赵守忠一愣,随即躬身道:“少帅的意思是,既要能抓内鬼,又要能探敌营?”

他在登州时见过锦衣卫的手段,那些缇骑动辄罗织罪名,弄得人心惶惶,但不可否认,他们刺探消息的本事确实厉害。

“没错。” 毛承克放下朱砂笔,从案上抽出几张纸,“这是我拟的章程:第一,澄清司的人必须忠诚可靠,这点最重要。

第二就是要有一定算学基础、懂格物,能辨图纸真伪,这样才能杜绝泄密;

第三,不得私设刑房,审讯需有军法处的人在场;

最后一条,所有探子都要在格致院学三个月,过了算术和女真话的考核才能上岗。”

赵守忠接过章程,目光落在 “女真话考核” 几个字上,突然想起福顺和二狗:“那两个小子倒是合适,在鞑子营里待过,女真话比咱们的通事还地道。”

“不光他们。” 毛承克起身走到窗边,望着工坊里正在打磨炮管的工匠,

“从战俘里挑些愿降的汉兵,从包衣里选些机灵的少年,甚至可以让格致院的学生轮流当差, 他们懂新学问,最能看出谁在偷学技术。”

赵守忠得了指示后便马上行动了起来。

三日后,澄清司的牌子挂在了格致院隔壁的小院里。

院门口立着块一人高的石碑,上面刻着大大的 “明辨” 二字。

这是毛承克特意交待的,是在提醒澄清司不管什么时候都要有明辨是非的能力。

进门后是赵守忠亲自拟定的第一条规矩就刻在影壁上:“绝对忠诚”。

福顺和二狗成了第一批成员。

福顺负责审讯记录,他用格致院学到的知识,把犯人的供词记得清清楚楚,连标点符号都不差;

二狗本为是毛承克的亲兵队长,在澄清院里只能做个兼职,主要负责安保这一块。

赵守忠挂着院长一职,不过他和二狗一样,在毛承克身边都担有要职。

所以实际上,目前的澄清院主要由福顺来打理。

他之前一直叫着要加入东江军,现在虽然没能进入军营,不过担起了澄清院的责任也算让他如了愿,总之都是在为少帅办事就对了。

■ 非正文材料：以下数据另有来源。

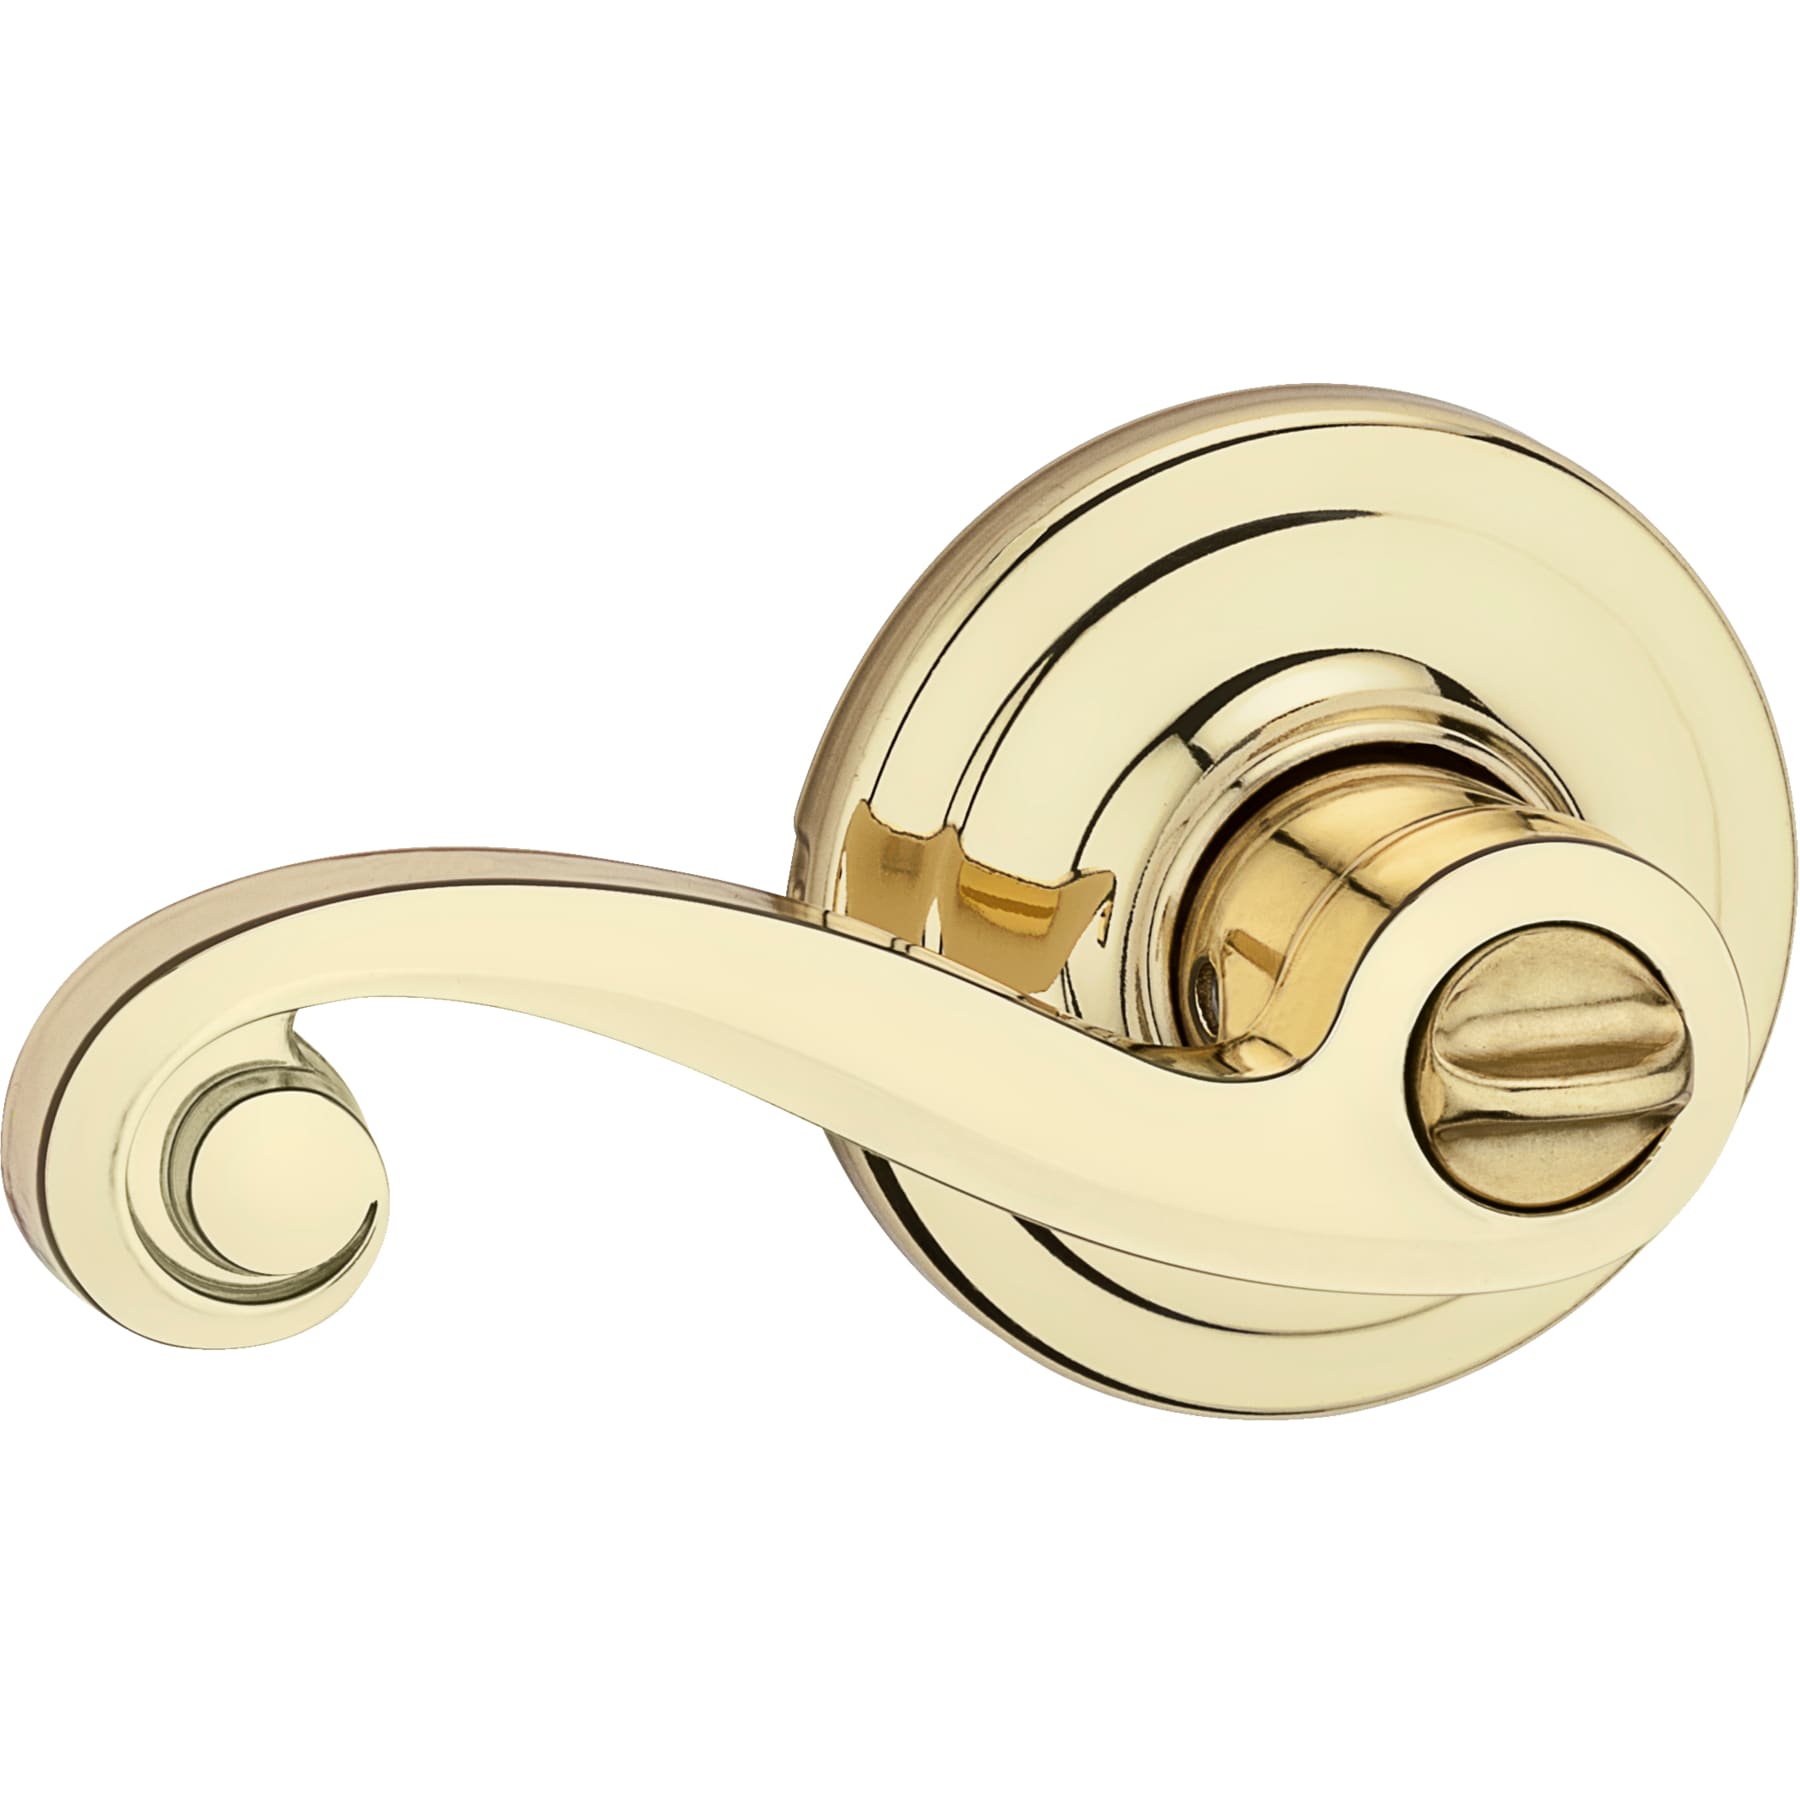 Door handle - Polished unlacquered brass - Model 705 - CC 187 mm

慢慢的在毛承克这近半年的治理下,金州进入飞速发展期,各项产业都得到了长足的进步。

这一日,在工坊里,一大群人围着一台巨大的蒸汽机正做着最后的试验调试。

这半年里,蒸汽机的技术进步也是肉眼可见的。

得益于找到可靠的活塞材料,现在蒸汽机的可靠性上已经没有太多问题。

格致院的师生们则将课题转向了研制更大输出动力的大型蒸汽机上。

眼前的这台便是他们的最新成果,未来的目标是打算准备到蒸汽船上使用的。

格致院的蒸汽机发出最后一声轰鸣,铜制活塞稳稳停在刻度线中央时,孙元化突然扯掉眼镜,通红的眼睛盯着压力表,指针稳稳指在 “八大气压”,比上个月的试验足足提升了三成。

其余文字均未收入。